Start of MATERIAL FOR THE TASK

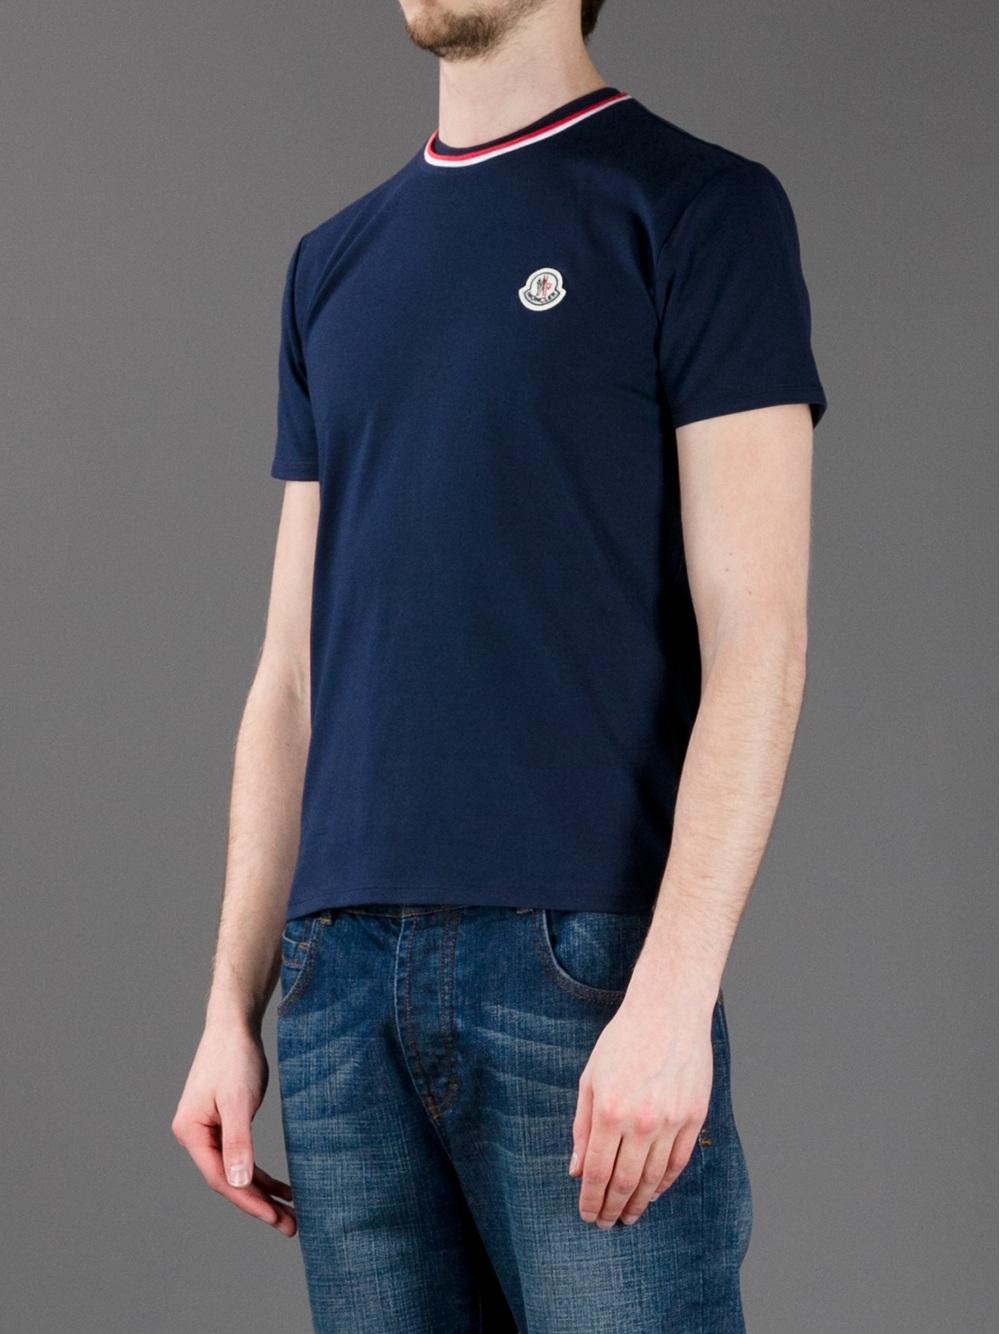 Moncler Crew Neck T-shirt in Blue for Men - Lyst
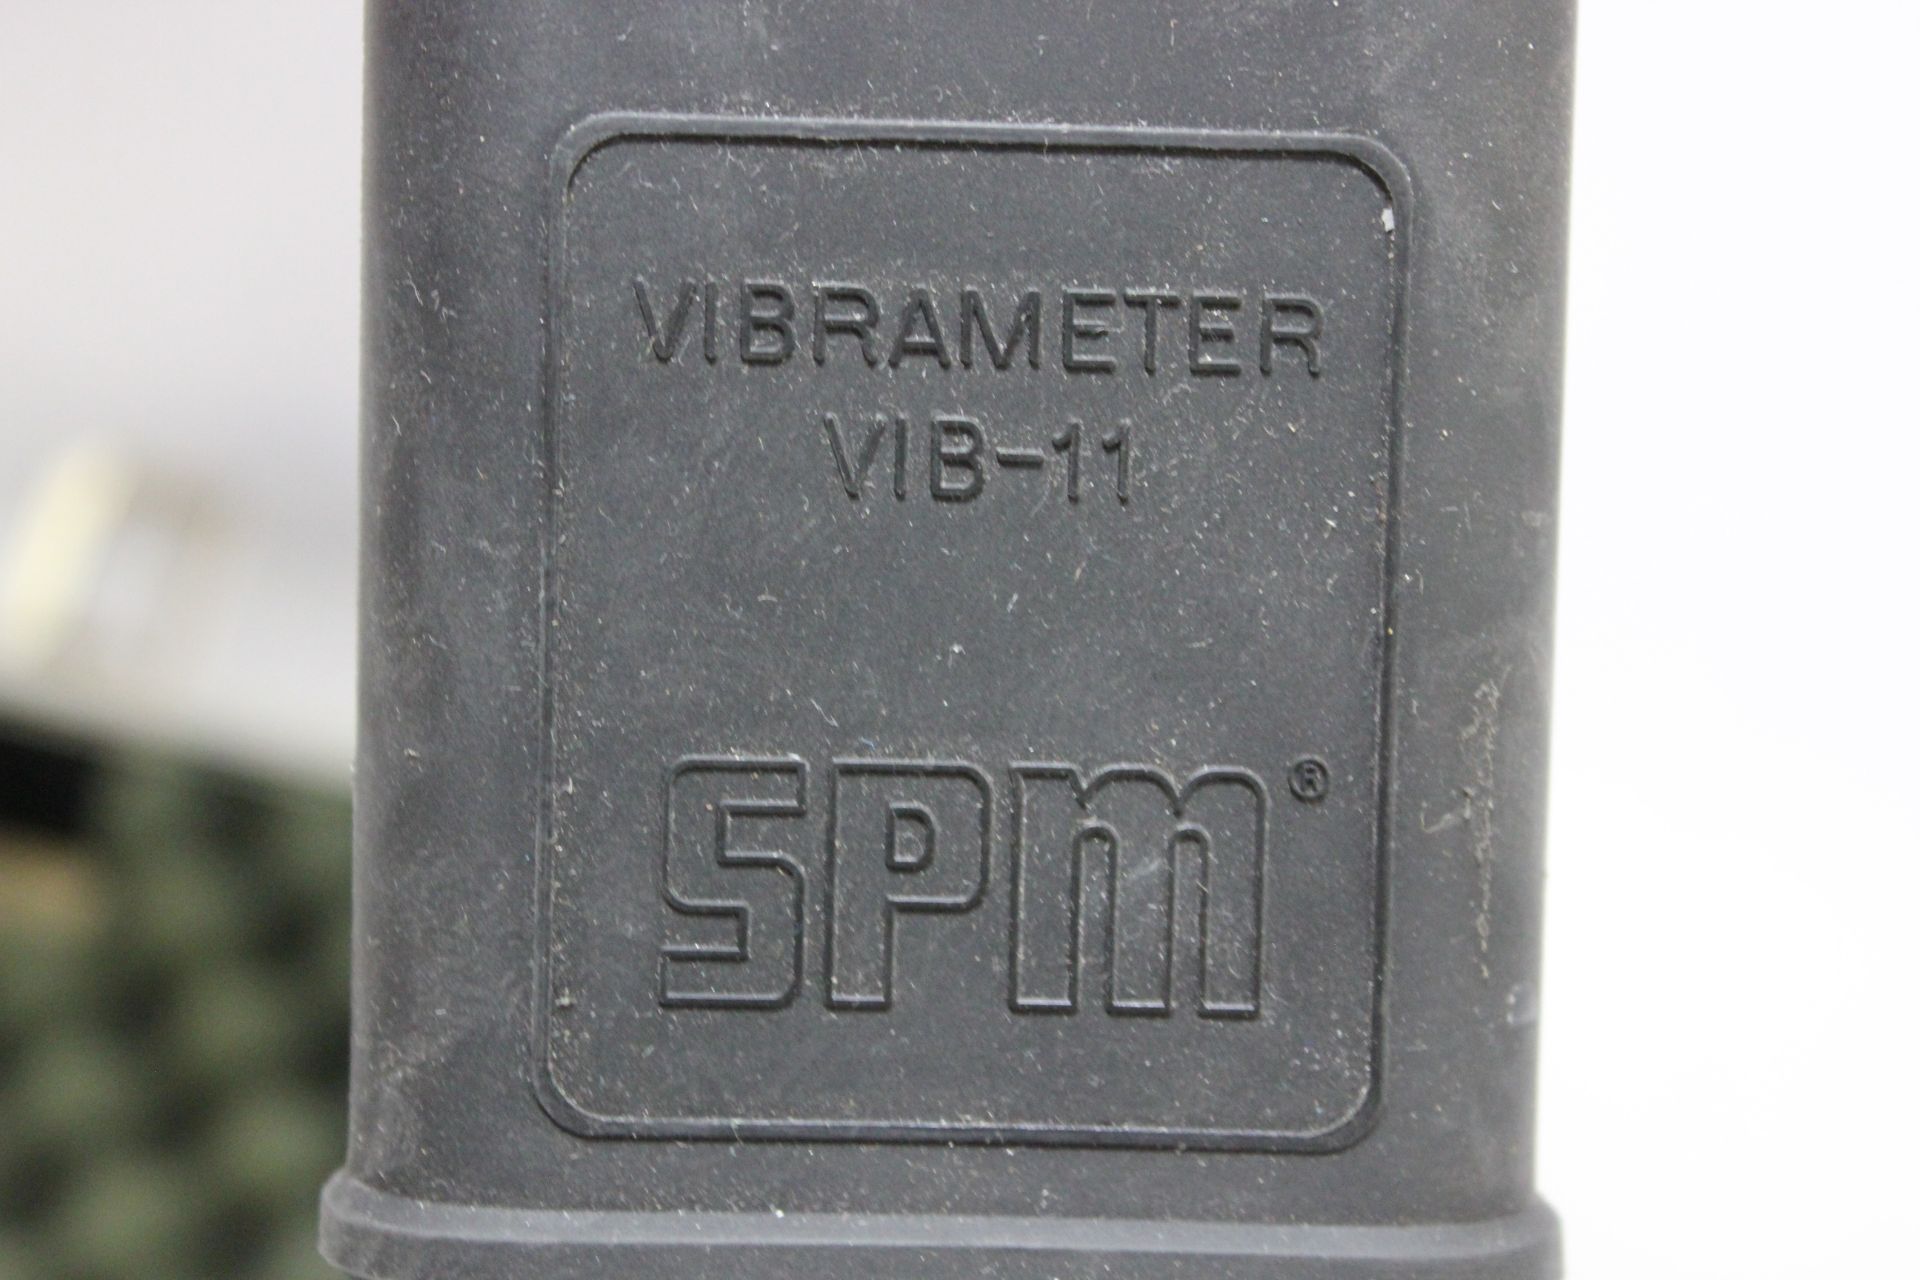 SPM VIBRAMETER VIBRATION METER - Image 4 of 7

End of MATERIAL FOR THE TASK
Start of MATERIAL FOR THE TASK

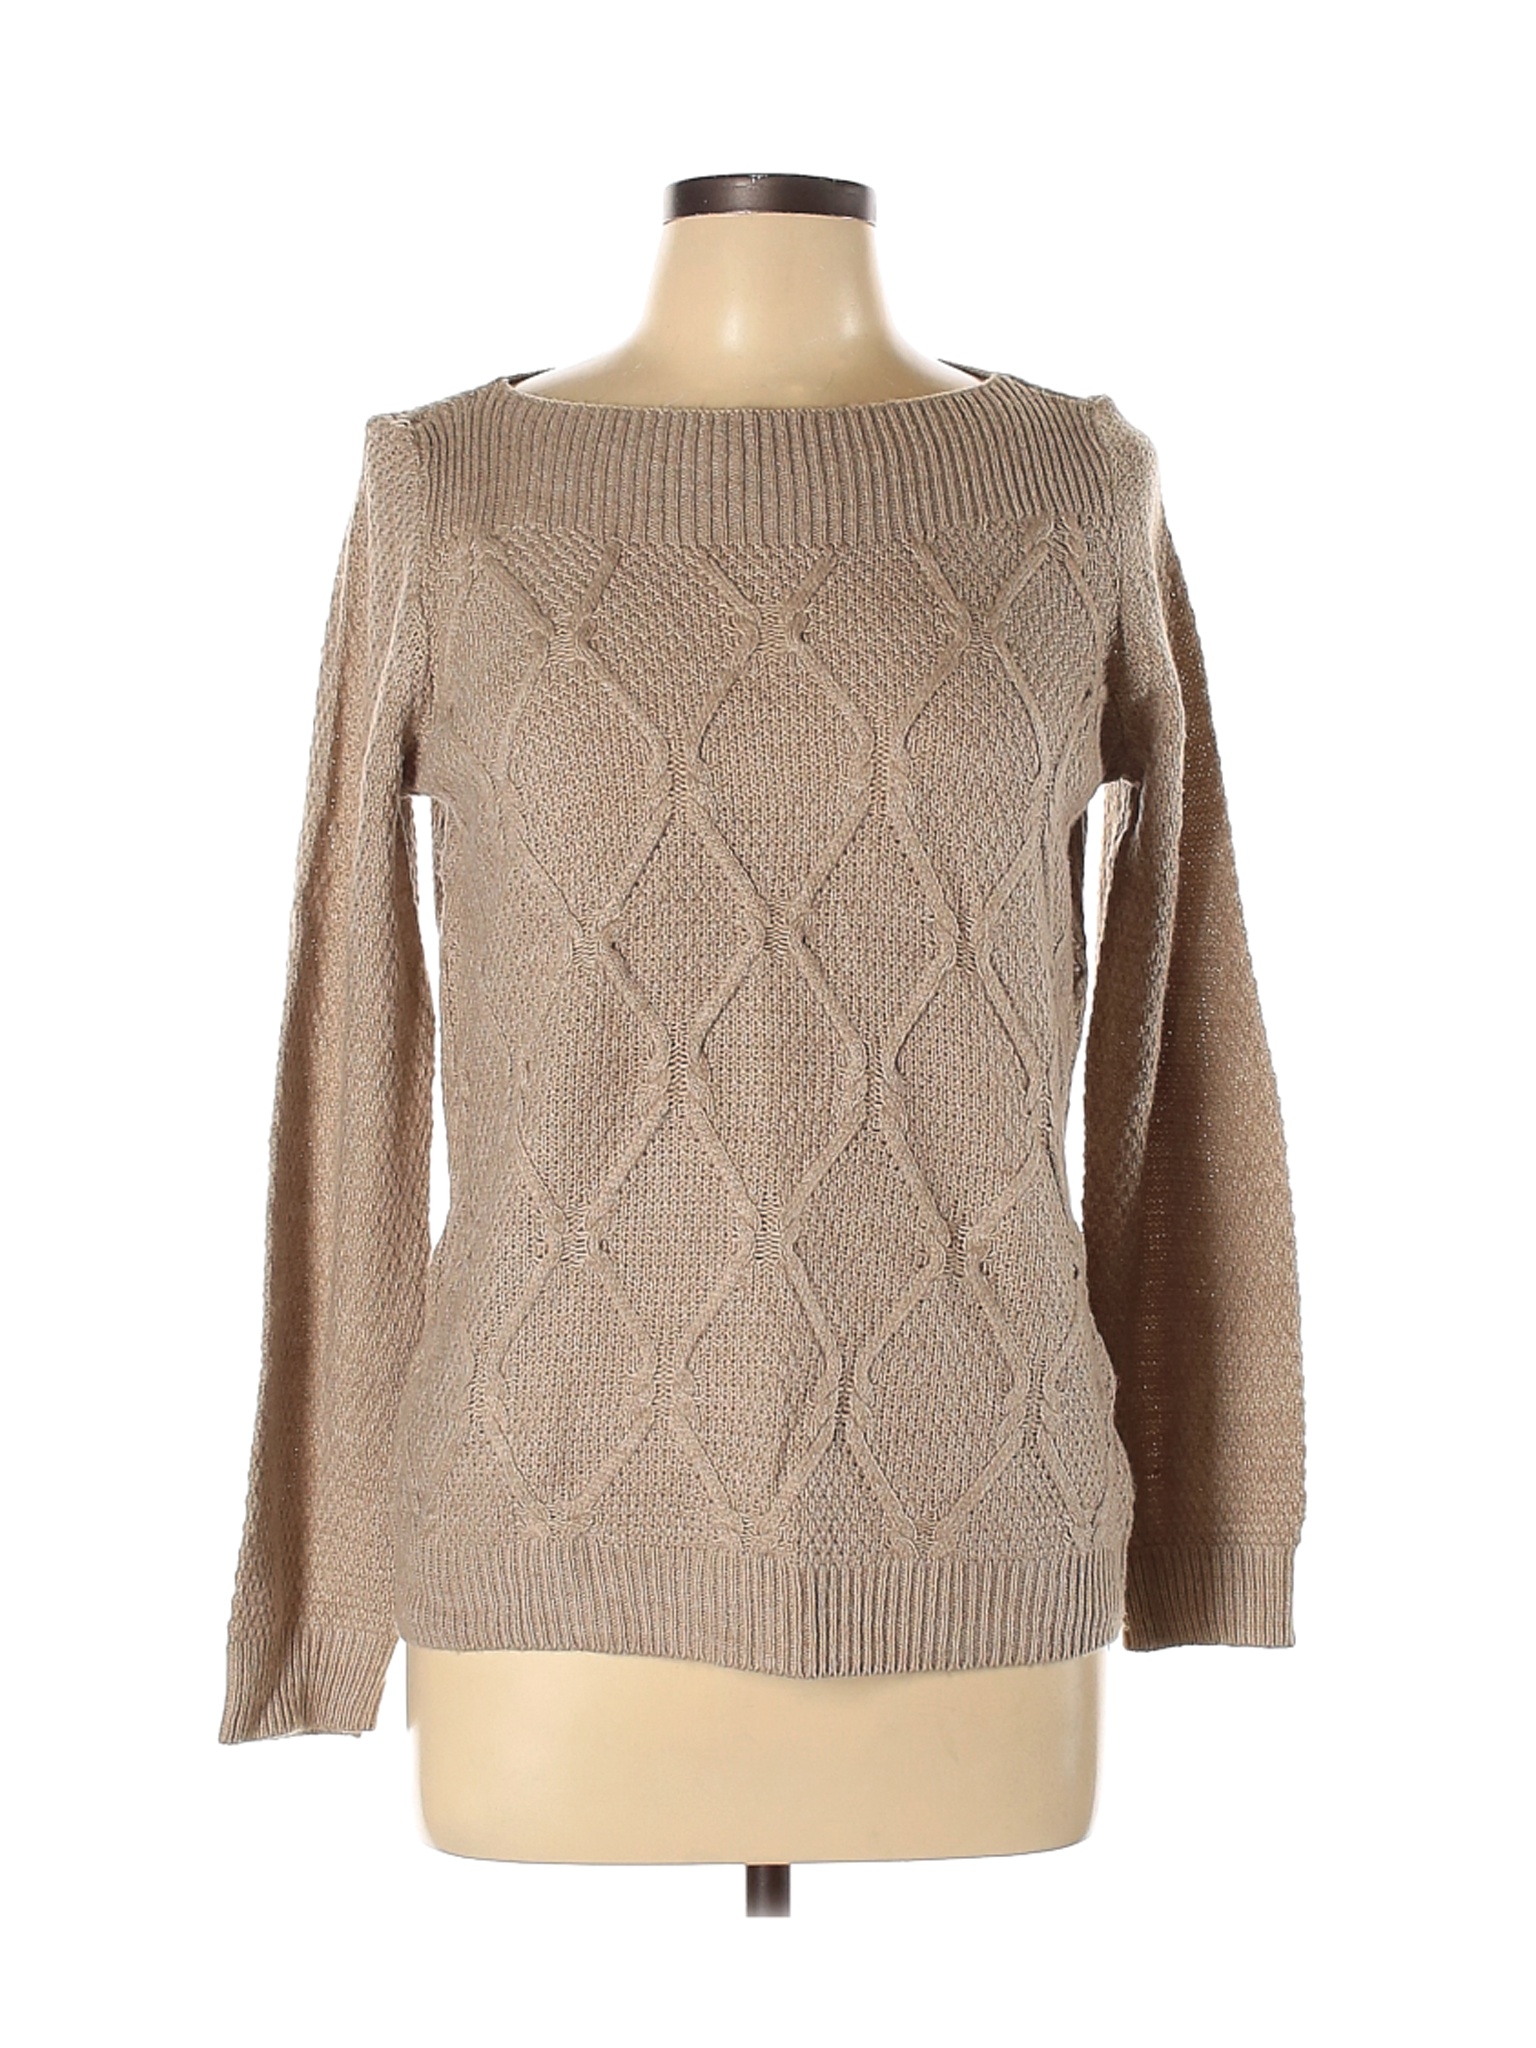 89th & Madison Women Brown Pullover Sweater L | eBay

End of MATERIAL FOR THE TASK
Start of MATERIAL FOR THE TASK

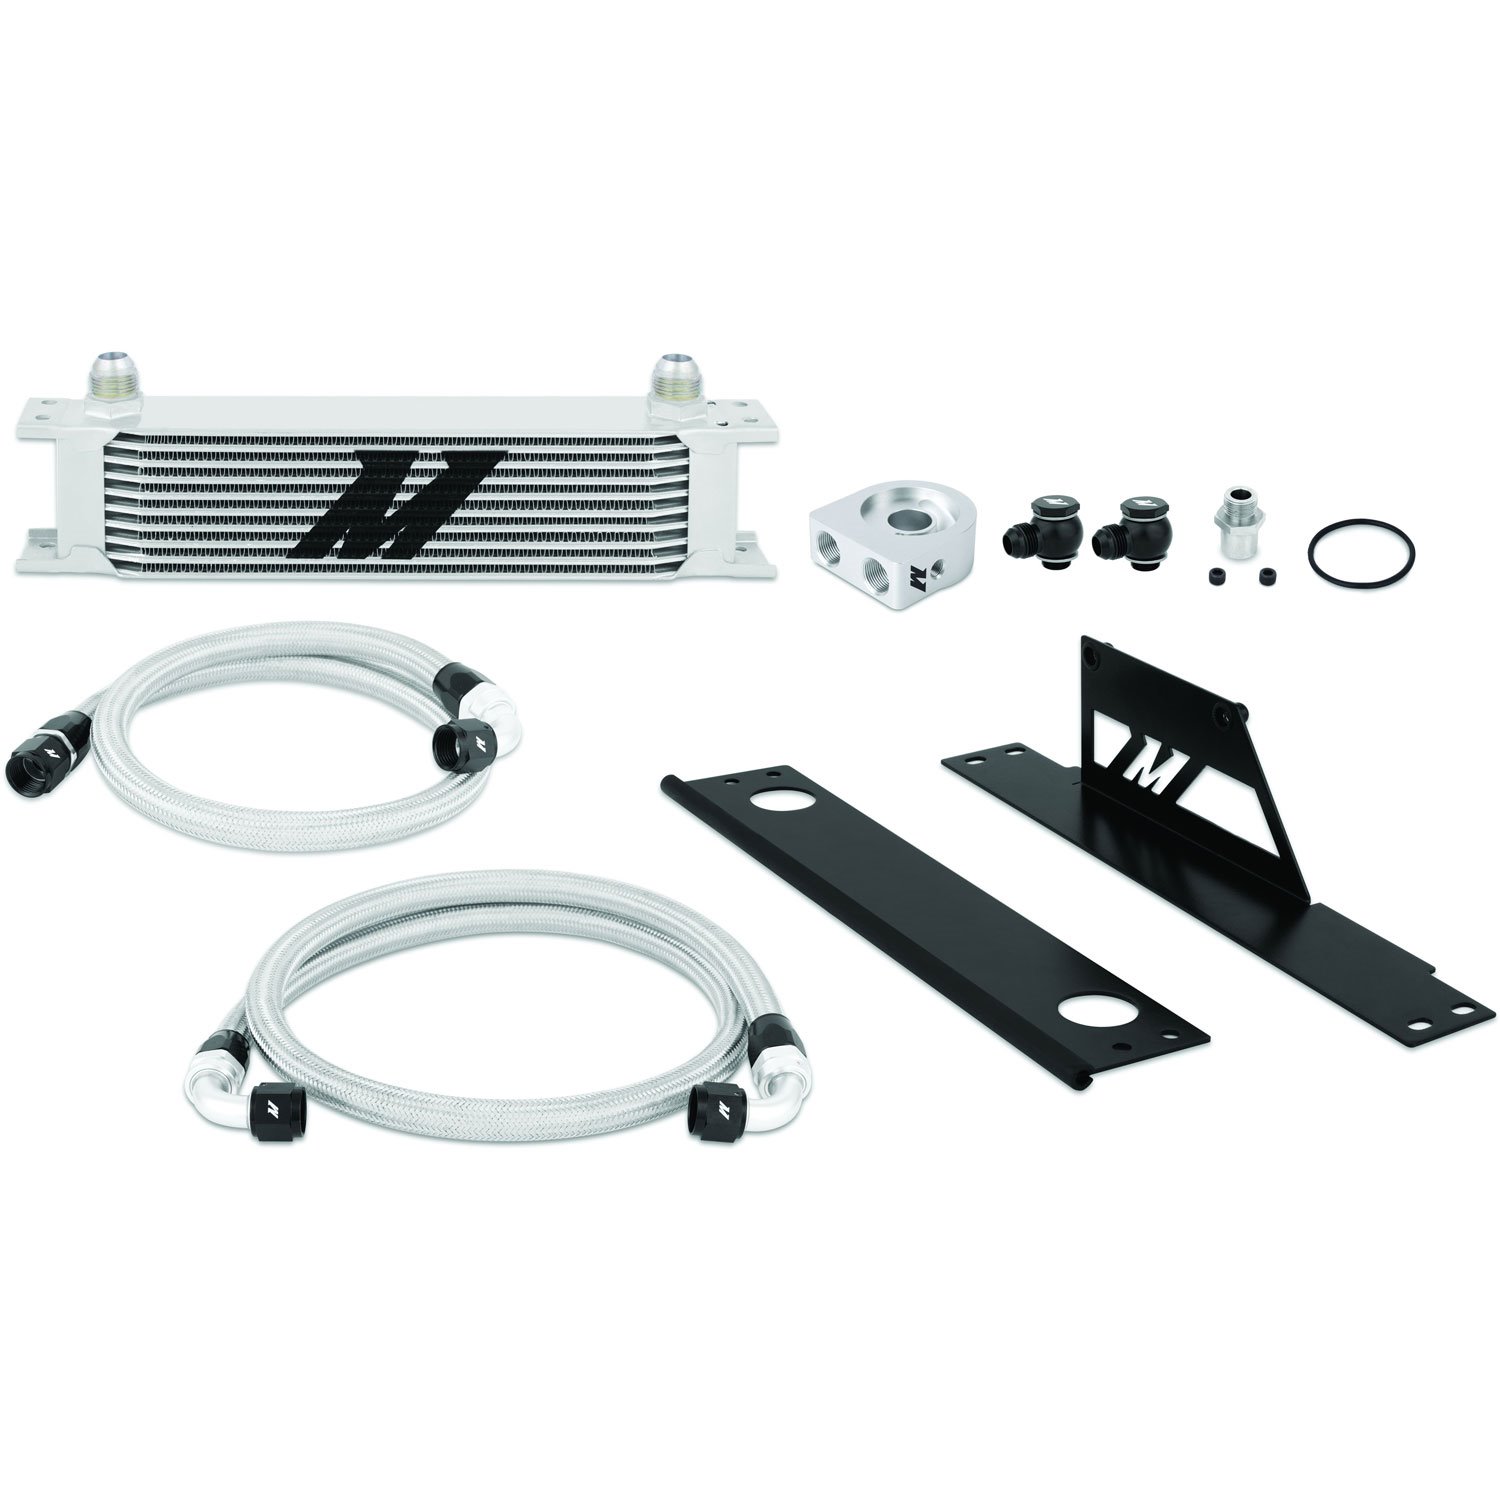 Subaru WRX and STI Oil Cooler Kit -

End of MATERIAL FOR THE TASK

# [HOW TO COMPLETE THIS TASK]
The answer is those lines of the material above that run from the one containing "Moncler Crew Neck" up to and including the one containing "SPM VIBRAMETER VIBRATION", restated exactly and without images.

# [RESPONSE BELOW]
 Moncler Crew Neck T-shirt in Blue for Men - Lyst
 SPM VIBRAMETER VIBRATION METER - Image 4 of 7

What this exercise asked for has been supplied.